Aneurysms that arise from the supraclinoid internal carotid artery (ICA) in the subarachnoid space typically occur in association with the branches of the posterior communicating artery (PComA) and anterior choroidal artery (AChA) or at the ICA terminus where it bifurcates into the anterior cerebral artery (ACA) and middle cerebral artery (MCA). Rarely, supraclinoid ICA aneurysms may arise directly from the ICA wall without an associated branch vessel, and these are termed anterior wall and posterior wall ICA aneurysms. Supraclinoid ICA aneurysms that occur in each of these locations have unique features and warrant specific considerations in their surgical management.

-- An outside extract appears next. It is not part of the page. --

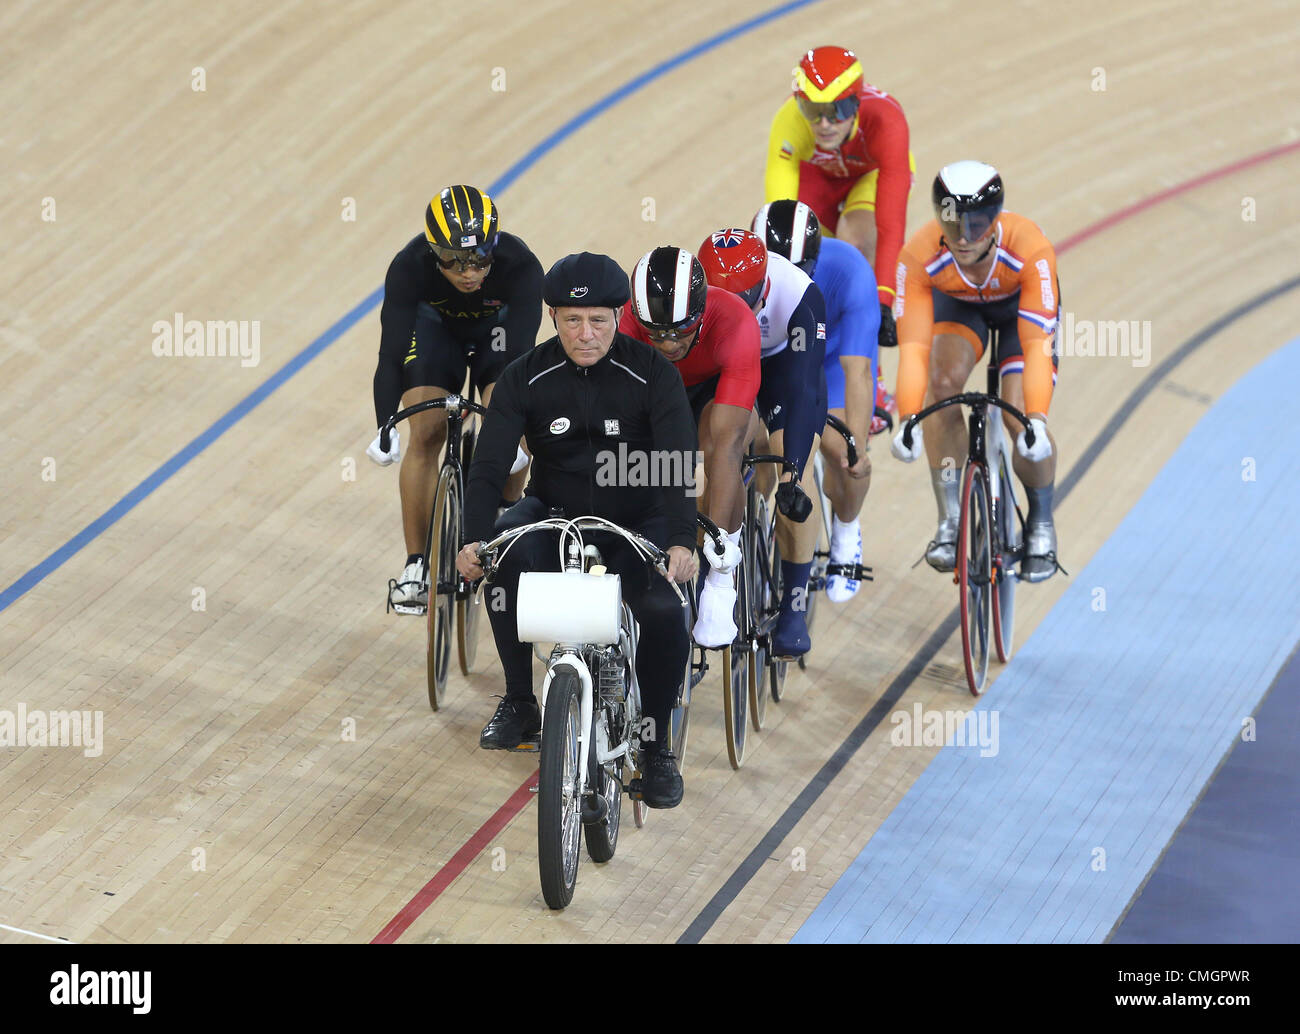 RIDERS BEHIND THE MOTORIZED PA MENS KEIRIN STRATFORD LONDON ENGLAND 07 August 2012 Stock Photo

Approximately 25% of all intracranial aneurysms are PComA aneurysms, making them the second most common overall after anterior communicating artery aneurysms. ICA bifurcation aneurysms account for about 4% to 15% of all intracranial aneurysms; those at the AChA are even more uncommon and comprise less than 5% of such aneurysms.1,2 Although the incidence of intracranial aneurysms in the pediatric population is relatively low, the ICA termination is the most common location of intracranial aneurysms in this patient group.

The first described aneurysm clipping was of a PComA aneurysm by Dandy in 1938 at the Johns Hopkins Hospital. The patient presented with a complete third cranial nerve palsy and periorbital headaches. Dandy described complete obliteration of the aneurysm neck and preservation of the parent vessel with clip application. The patient recovered uneventfully with complete resolution of the third nerve palsy 7 months later.3,4

The presentation and diagnosis of aneurysms presenting with subarachnoid hemorrhage (SAH) is discussed elsewhere in this book. Similarly, the diagnosis and treatment planning for unruptured aneurysms is the focus of another chapter. This chapter focuses on specific considerations of ICA aneurysms arising at these specific locations.

Embryology of the ICA

The intracranial ICA is derived from the embryonic dorsal aorta. Around 28 to 30 days, the ICA has cranial and caudal divisions. The caudal divisions anastomose with the cranial ends of the longitudinal neural arteries. The AChA arises from the cranial division of the ICA, which subsequently also gives rise to the ACA and MCA by 41 to 48 days. The caudal divisions of the ICA anastomose with the paired neural arteries located on the hindbrain that are the precursors of the basilar artery and regress to form the PComAs. Later, the embryologic anastomoses between the carotid and the basilar systems via the trigeminal, otic, and hypoglossal arteries regress.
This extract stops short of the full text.